不是因为听到了什么机密——虽然那些确实是机密——而是因为她终于明白了,为什么这个港区会这么奇怪。
为什么提督脸黑得离谱。
为什么这里的舰娘全是计划舰、图纸舰、短命鬼、挖泥船、货轮、科研船。
为什么深海明明有能力碾碎这个镇守府,却始终只是在远处游荡,从不真正进攻。
为什么提督的眼神里总是带着一种说不清道不明的疏离感——像是站在人群中,却不属于任何人。
因为他不属于人类。
也不属于深海。
他夹在中间,两头都不算,两头都想要他。
111低下头,看着自己手里的红唐伞。
她是大和级战列舰改修型。
七万九千吨。
九门九四式主炮。
世界上最强的战列舰之一。
但她现在觉得,这些都不重要。
重要的是——
她选择了一个什么样的提督。
“111姐?”
苏赫巴托尔的声音把她拉回了现实。
“嗯?”
“你发什么呆呢?鱼都跑了!”
111抬起头,看到苏赫巴托尔正撅着嘴,一脸不满地看着她。旁边的水桶里空空如也,连个虾米都没有。

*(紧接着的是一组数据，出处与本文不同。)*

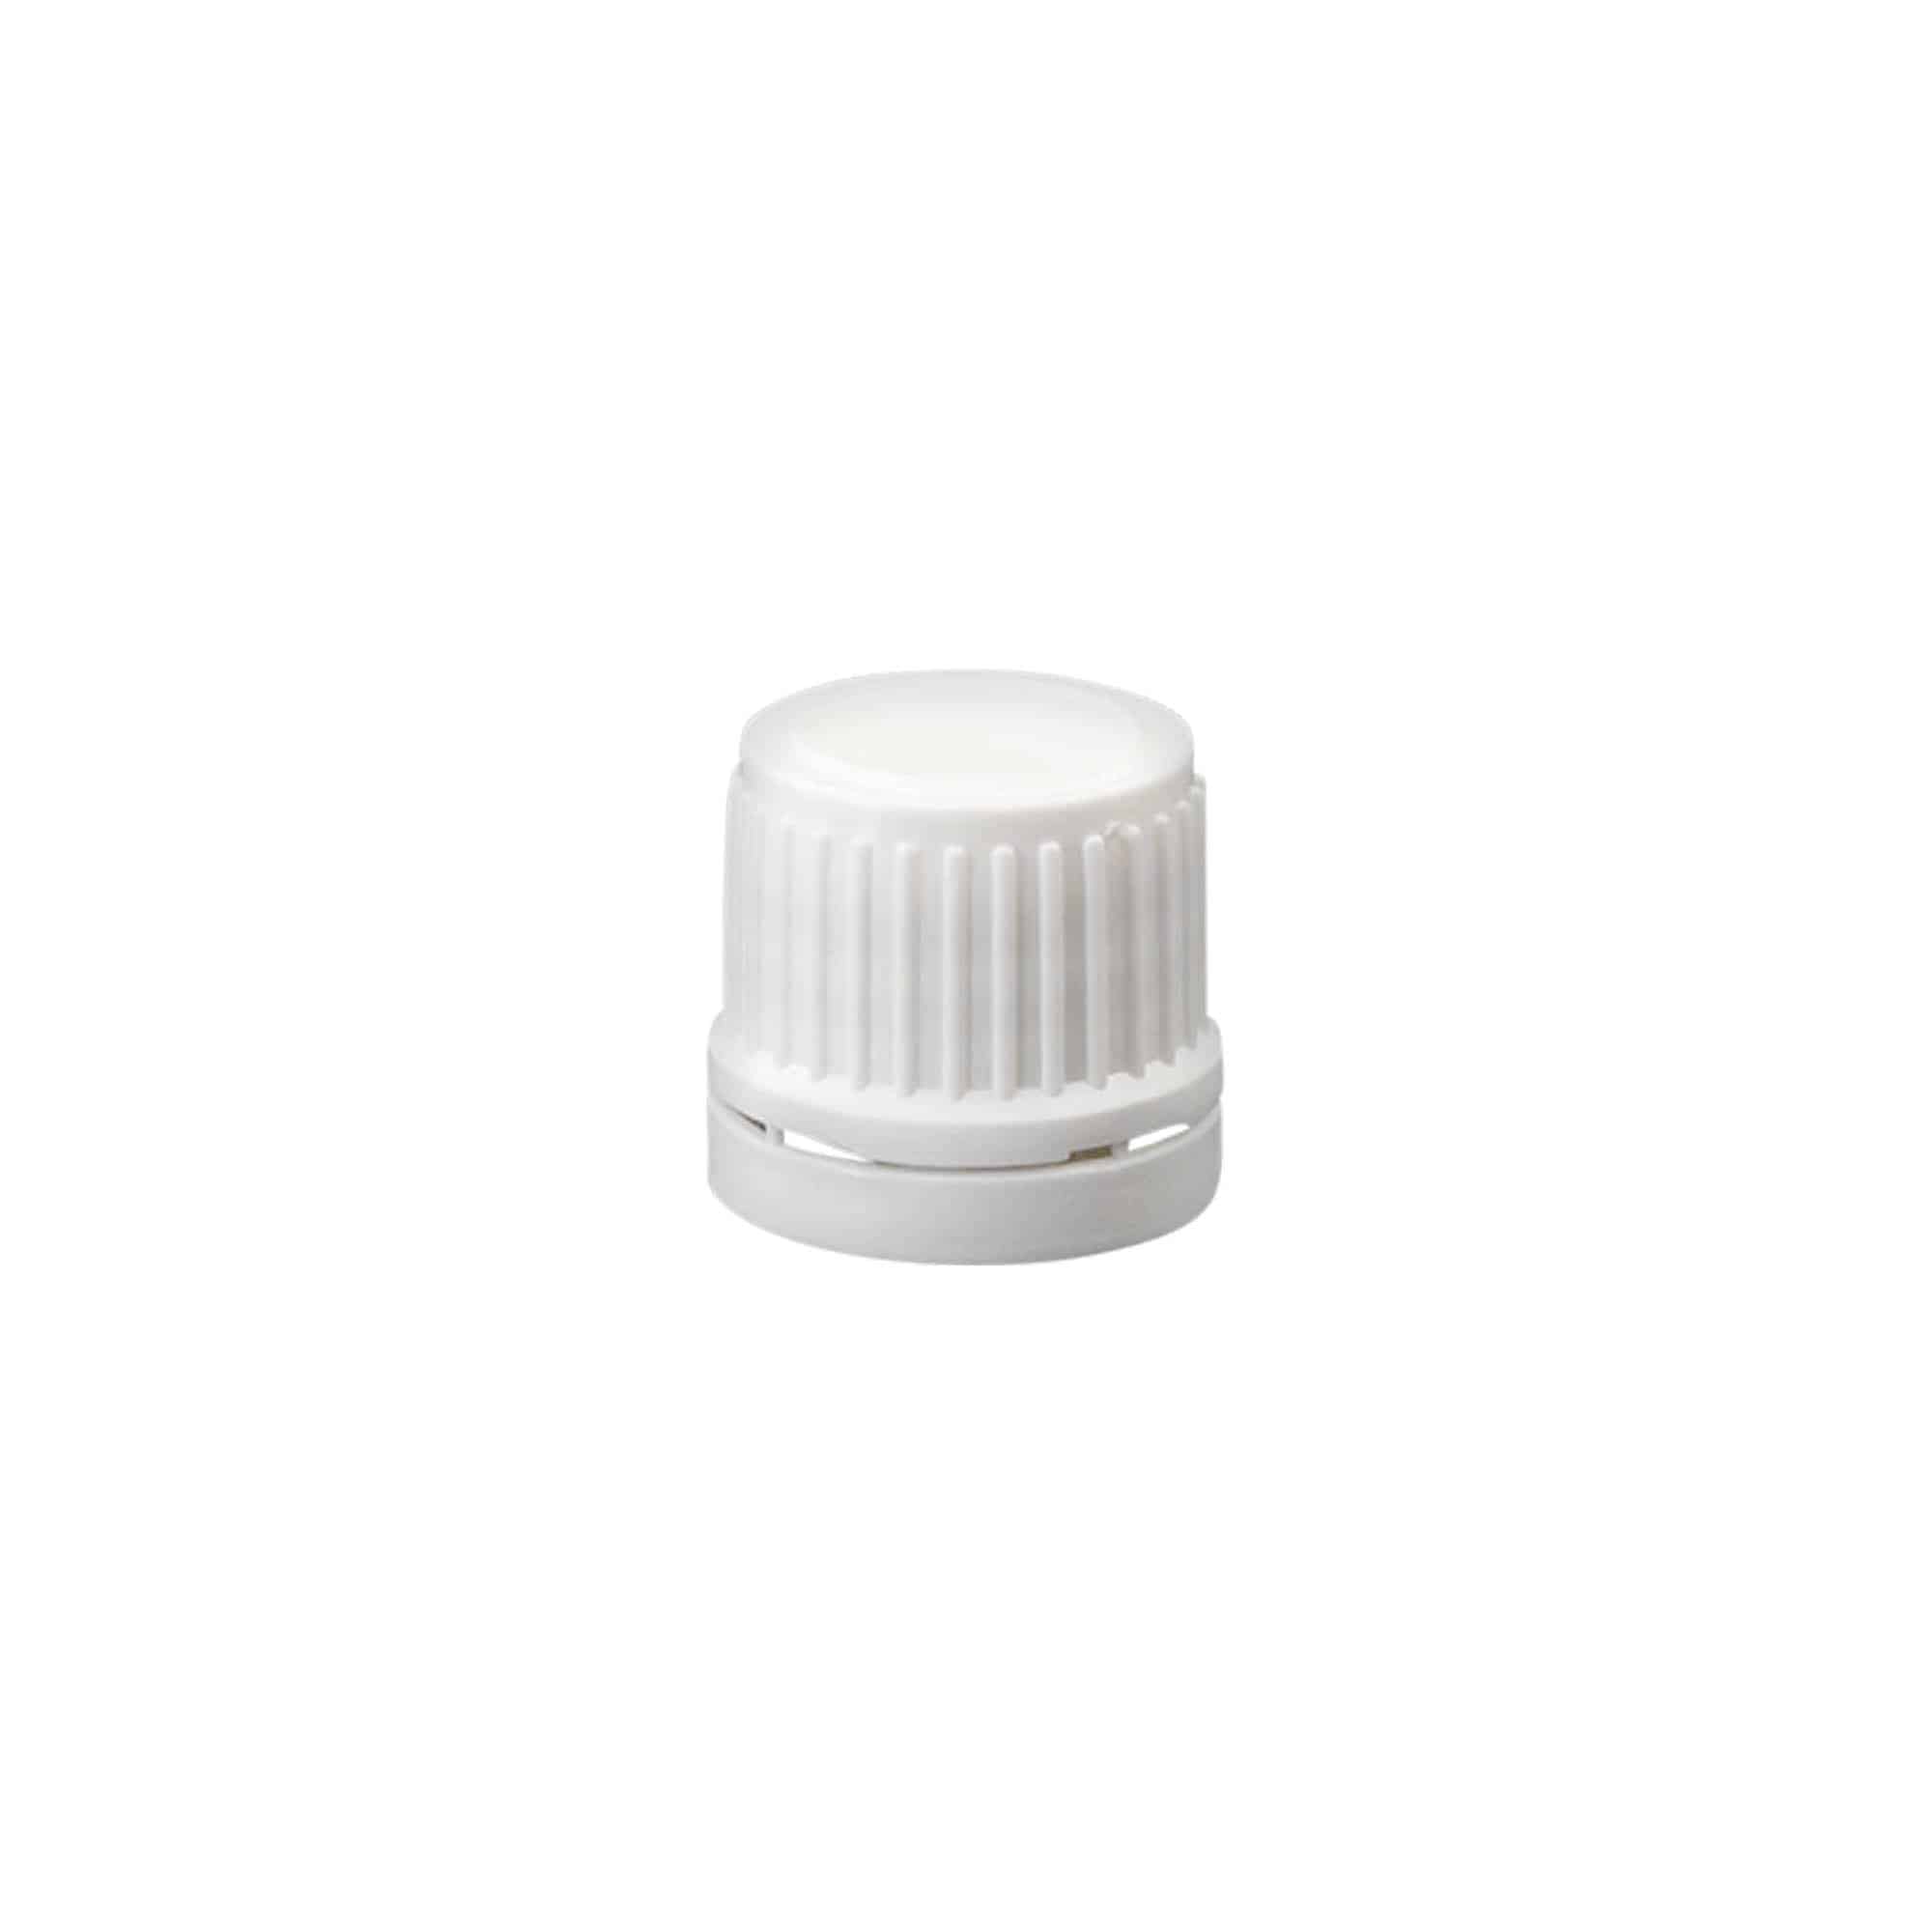 Šroubovací uzávěr s trhacím kroužkem, plast PE, bílý, pro ústí: DIN 18

“抱歉,”111站起来,收起唐伞,“刚才在想事情。”
“想什么?”
“想……提督。”
苏赫巴托尔眨了眨眼,小脸上露出一个“我懂”的表情。
“提督啊,他是个好人。”她说,语气忽然变得认真起来,“虽然很穷,虽然脸很黑,虽然他建的舰娘全是奇奇怪怪的——但他从来不嫌弃我们。你知道别的镇守府的人怎么说我们吗?他们说我们是‘垃圾堆’。”
111的眉头皱了起来。
“垃圾堆?”
“嗯。说我们是一群没人要的破烂货,堆在了一个没人要的破烂港区,被一个没人要的破烂提督管着。”

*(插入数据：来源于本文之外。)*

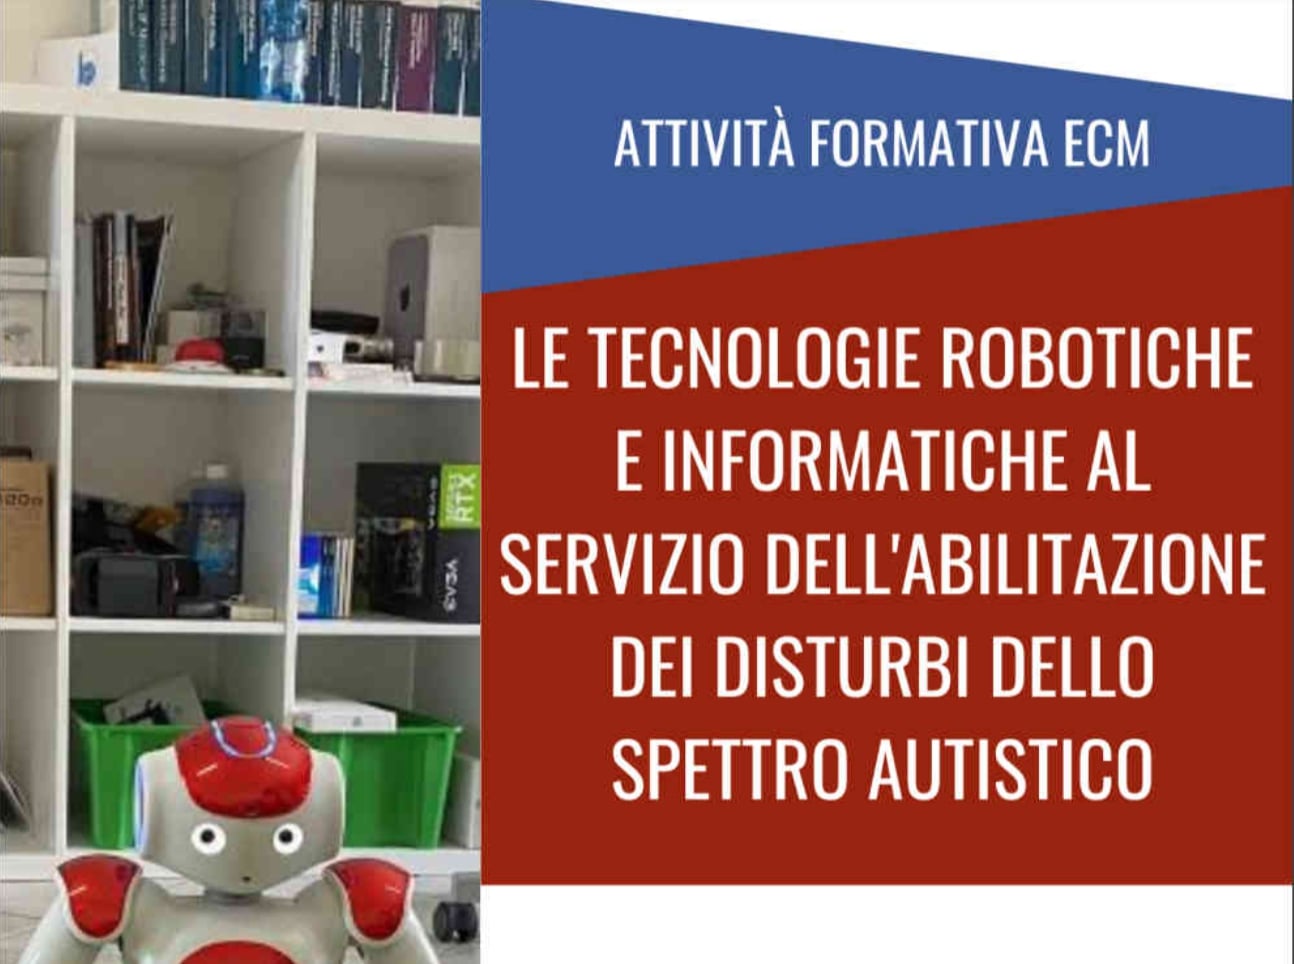 Battiati, convegno sabato 11 marzo sulle tecnologie robotiche e informatiche per l’autismo

苏赫巴托尔说这些话的时候,语气依然很平静,甚至还带着一点笑意,但111听出了那笑意底下藏着的东西。
是委屈。
是愤怒。
是不甘。
“但是提督从来不这么说。”苏赫巴托尔继续说,“他说我们是他的家人。他说他虽然脸黑,但他觉得能建出我们,是他这辈子最大的幸运。他说……”小姑娘的声音有点哽咽,“他说他会保护好我们的。”
111沉默了很久。
然后她伸出手,揉了揉苏赫巴托尔的头。
“他会保护我们,”111说,“但我们也会保护他。”
苏赫巴托尔抬起头,眼眶红红的,但眼睛里有了光。
“嗯!”
远处的码头上,提督不知道什么时候又蹲在了建造器前面,手里拿着一沓资源兑换券,正认真计算着下一次大建的机会。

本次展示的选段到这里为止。